The law regulating the succession is the national law of the deceased at the time of his death. The Italian rules on conflict of laws consider the possibility that the national law of a deceased foreigner might defer to the law of another country. Such deferment is effective only if the law of the third State accepts the deferment. Here is a practical example: if a British citizen before his death left some properties in Italy, the succession will be regulated by the British law. But following the British “conflict law” the law applicable to properties should be the “lex rei sitae (law of the country where the property is located), that is/viz., the Italian inheritance law.

The testator has the right to submit his succession to the law of the country where he resides.

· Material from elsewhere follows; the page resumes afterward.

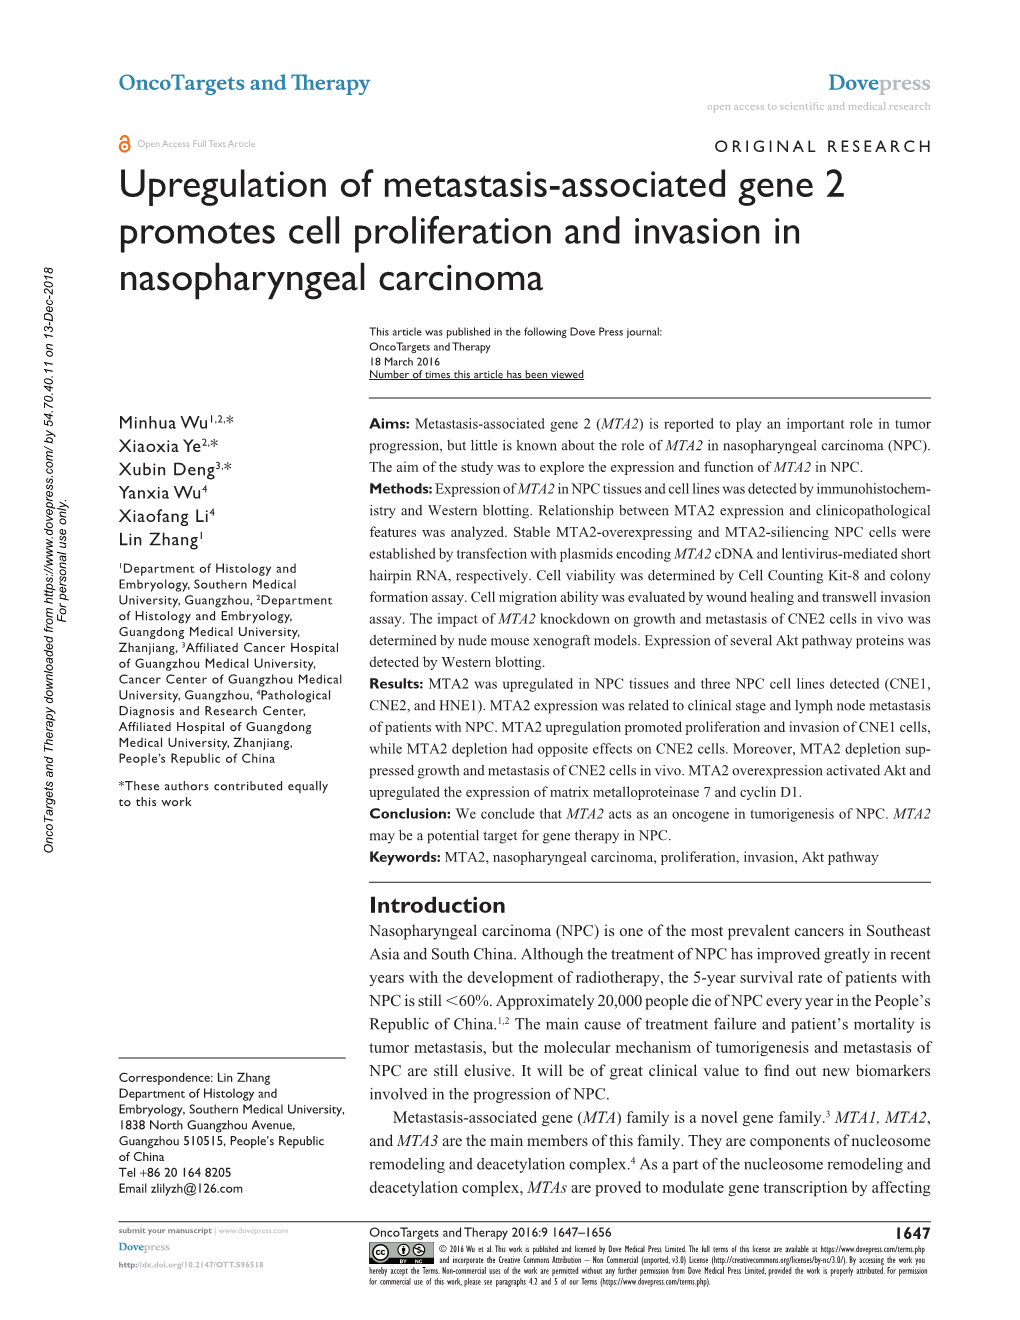 Upregulation of Metastasis-Associated Gene 2 Promotes Cell Proliferation and Invasion in Nasopharyngeal Carcinoma

Such choice has to be formally expressed in a will and shall not be prejudicial of the rights that the Italian law provides for the so called legittimari” ( members of the family who have the right to receive a fixed part of the property of the deceased even against the will) who are resident in Italy at the moment of death of the deceased.

It is highly advisable to draft an Italian will assisted by your Italian  inheritance lawyer in order to limit the consequences of the “legal succession”. The “legal succession” applies where the deceased has not left a will, in such case the Italian law determines which relatives of the deceased have a right to succeed (primarily the spouse, the legitimate and natural children, and the ascendants). In case of lack of heirs, according to the Italian inheritance law, the hereditary assets present in Italy would be assigned to the Italian State.

Please note, any statement made in this article is intended to be a general practical introductory explanation only and not formal legal advice. This firm accepts no liability or any responsibility for any statement made.